Le bureau de M. Poilievre a répondu à une demande de commentaires par une déclaration attribuée au porte-parole du parti en matière d'affaires étrangères, Michael Chong. Dans cette déclaration, M. Chong critique l'approche des libéraux à l'égard de l'Ukraine, mais ne précise pas si M. Poilievre parlait suffisamment de ce pays.
«Les conservateurs de bon sens ont fermement soutenu le peuple ukrainien dans sa lutte contre l’invasion illégale de Poutine et notre soutien indéfectible se poursuit à ce jour», peut-on lire dans la déclaration.
M. Chong a critiqué les libéraux pour avoir autorisé des exemptions dans leur régime de sanctions, comme celle qui a permis à Bombardier d’importer des produits en titane russes.
Fin 2022, à la demande du gouvernement allemand, Ottawa a accordé une exemption de sanctions qui a permis à une entreprise montréalaise de réparer les turbines d’un gazoduc exploité par le géant énergétique public russe Gazprom.
«Nous continuerons de demander des comptes aux libéraux pour leur désinformation flagrante et leurs tentatives pathétiques de distraire et de diviser les Canadiens sur cette question», peut-on lire dans la déclaration de M. Chong.
L'appui des Canadiens faiblit
Les Canadiens d’origine ukrainienne représentent environ 3,5 % de la population du Canada, mais plus de 10 % de la population des trois provinces des Prairies.
L'ex-député albertain Lukaszuk estime que la domination politique des conservateurs dans cette région signifie qu’ils ne sont pas susceptibles de subir de répercussions importantes aux urnes en cad de changements dans le soutien du Canada à l'Ukraine.
L'Institut Angus Reid a publié un sondage au début de l'an dernier suggérant que le soutien global à l'Ukraine avait diminué au Canada.

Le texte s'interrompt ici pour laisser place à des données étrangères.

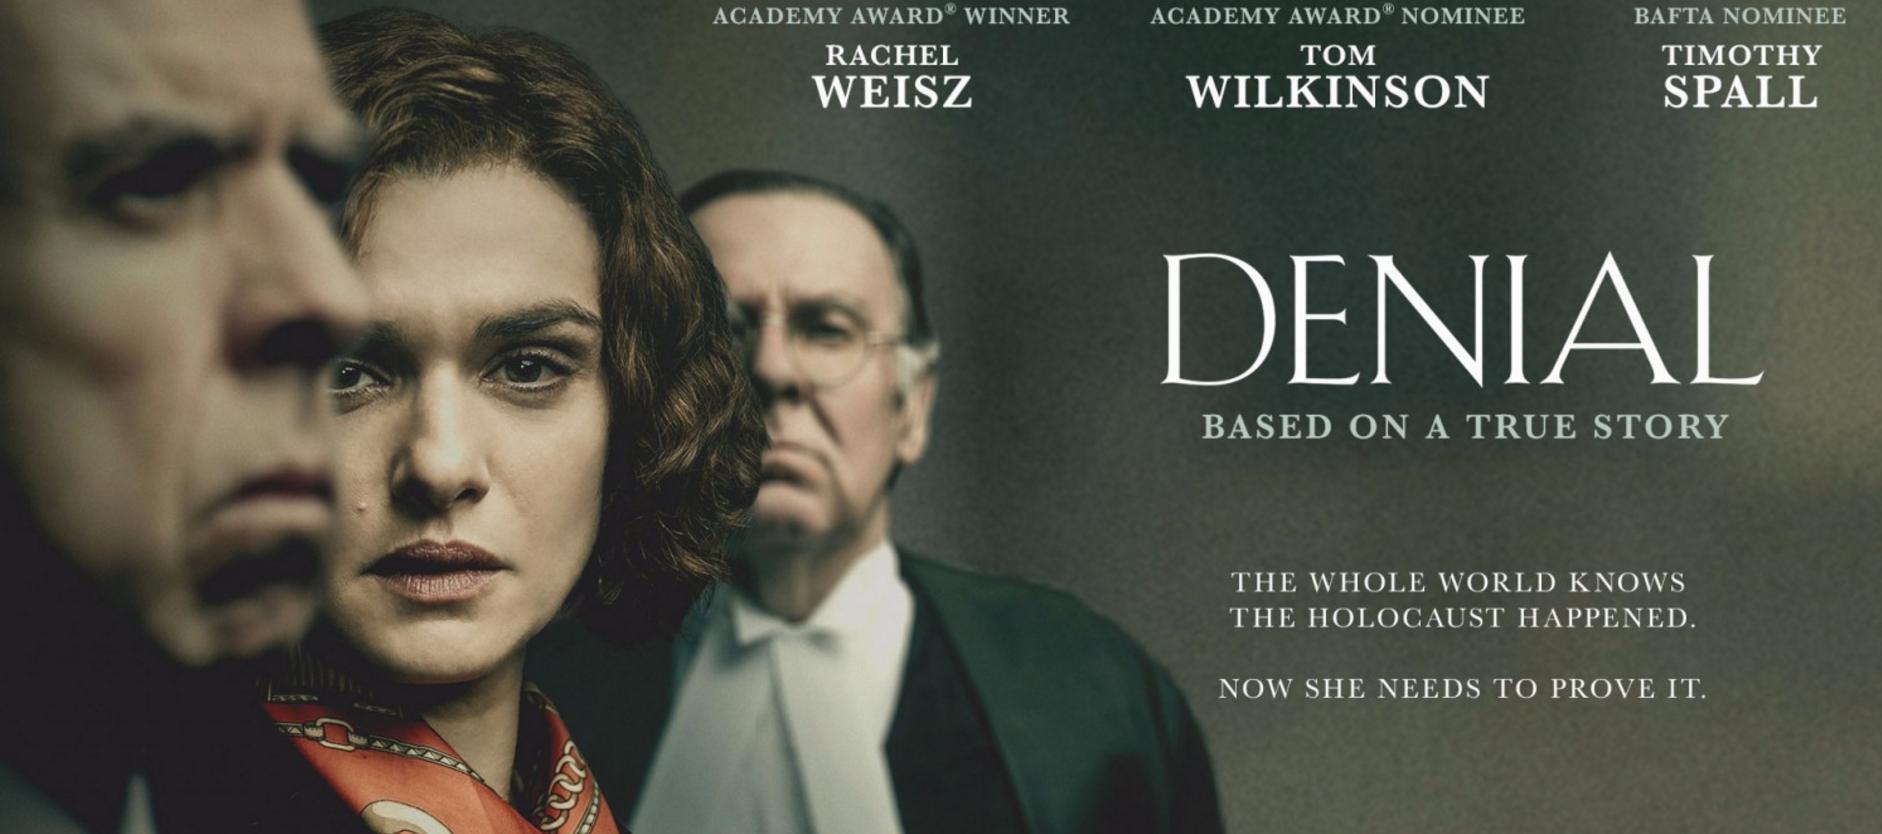 2016 Film Denial

Un Canadien sur quatre déclarait en février 2024 que le Canada «en faisait trop» pour aider l'Ukraine, contre 9 % en mai 2022.
Cette opinion était plus courante chez les électeurs conservateurs, passant de 19 % en mai 2022 à 43 % en février dernier.
Selon le professeur Gabrys, le gouvernement Trudeau peut certes être critiqué pour les retards dans l'aide militaire et pour ne pas avoir atteint l'objectif de dépenses de l'OTAN. Mais il estime que M. Trudeau a aidé l'Ukraine en s'assurant que c'était un sujet de conversation lors de tout sommet mondial auquel il a assisté. «Lorsque les États-Unis changent d'approche, le Canada est nécessaire», a-t-il déclaré.
Garry Keller, vice-président de la firme de lobbying StrategyCorp et qui a été chef de cabinet de l'ancien ministre conservateur des Affaires étrangères John Baird, croit que Pierre Poilievre reste concentré sur les «questions locales et existentielles» qui ont tendance à être des enjeux fondamentaux lors des élections — comme le logement et le coût de la vie — plutôt que sur la politique étrangère.
La situation en Ukraine pourrait changer radicalement avec l'arrivée au pouvoir de M. Trump, ce qui rendrait moins utile pour un politicien canadien de faire des commentaires juste avant une campagne électorale, a déclaré M. Keller.
«Peu importe notre niveau de soutien à l'Ukraine (…) le Canada ne fera pas le poids» face à la posture des États-Unis, a-t-il ajouté.